Ifedayo is one of the 30 local government areas of Osun State in southwestern Nigeria. It is one of the most recent local government areas to be created.

Its headquarters are in the town of Oke-Ila Orangun.

It has an area of 128 km2 and a population of 37,058 at the 2006 census.
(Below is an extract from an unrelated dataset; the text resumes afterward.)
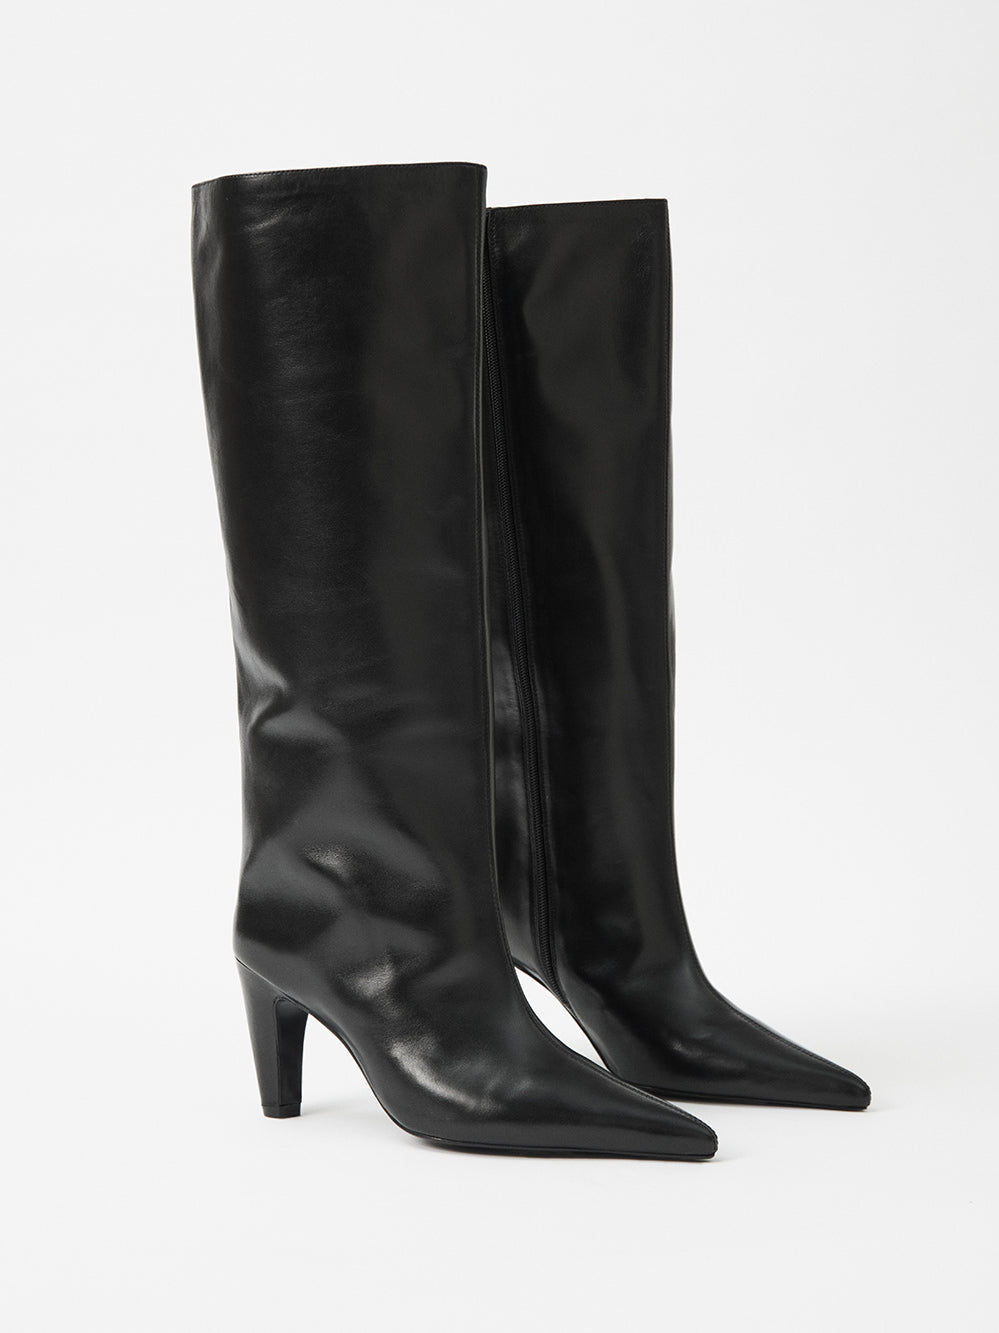 The Vivienne Leather Boot

The postal code of the area is 234.

The people of Ifedayo consist of the Igbomina (or Ogbonna) sub-ethnic group of the Yoruba.
There are several other small towns and villages in the local government area, most of which lie west of Oke-Ila Orangun

Traditional Institution 
Notable paramount rulers in ifedayo Local Government include; The Orangun of Oke-Ila, HRH Oba Adedokun Omoniyi Abolarin; The Asaooni of Ora-Igbomina, Oba Tinuoye Atolagbe and the Akesin of Ora-Igbomina, Oba Samuel Oladoye Idowu.

Tourism

Ayinkunugba Waterfalls 
Ayinkunugba Waterfalls is located in Oke-Ila Orangun Ifedayo local government. The waterfalls is over 80m high and it is the opposite of Olumirin Waterfall where you climb to appreciate it, but in Ayinkunugba, people will descend to discover the wonderful work of nature that is in the beautiful landscape of mountains, caves and trees.
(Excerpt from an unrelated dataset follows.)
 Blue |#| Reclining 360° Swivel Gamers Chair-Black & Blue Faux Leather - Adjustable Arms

Ayinkunugba Waterfalls was discovered by a hunter who shot a strange animal called Kunugba. The shot animal rolled down and the hunter searched but could not find it, instead, discovered waterfalls and named it: Ayinkunugba (Where an animal Nugba, rolled and died).

Notable indigenes 
 (Professor) Olusola Adeyeye – former senator for Osun Central Senatorial District in the Upper Chamber of National Assembly, Abuja.
 (Hon.) Idowu Samuel Abiodun – the managing director, Center Point Hotel, Osogbo and annex in Oke-Ila Orangun, current chairman of Ifedayo LGA. Oke-Ila Orangun.
 (Surv.) T.J. Atolagbe – (Retired) Permanent Secretary, Osun State Government and the Asaooni of Ora Kingdom.
 (Chief) David Adeyeye Osundina – Asiwaju of Oke-Ila Orangun and first elected chairman of Ifedayo Local Government, Oke-Ila Orangun.
 (Omooba) 'Kunle Ayantoye – former CEO of Lepec Shipping Limited, Lagos and the immediate past chairman of Ifedayo LGA, Oke-Ila Orangun.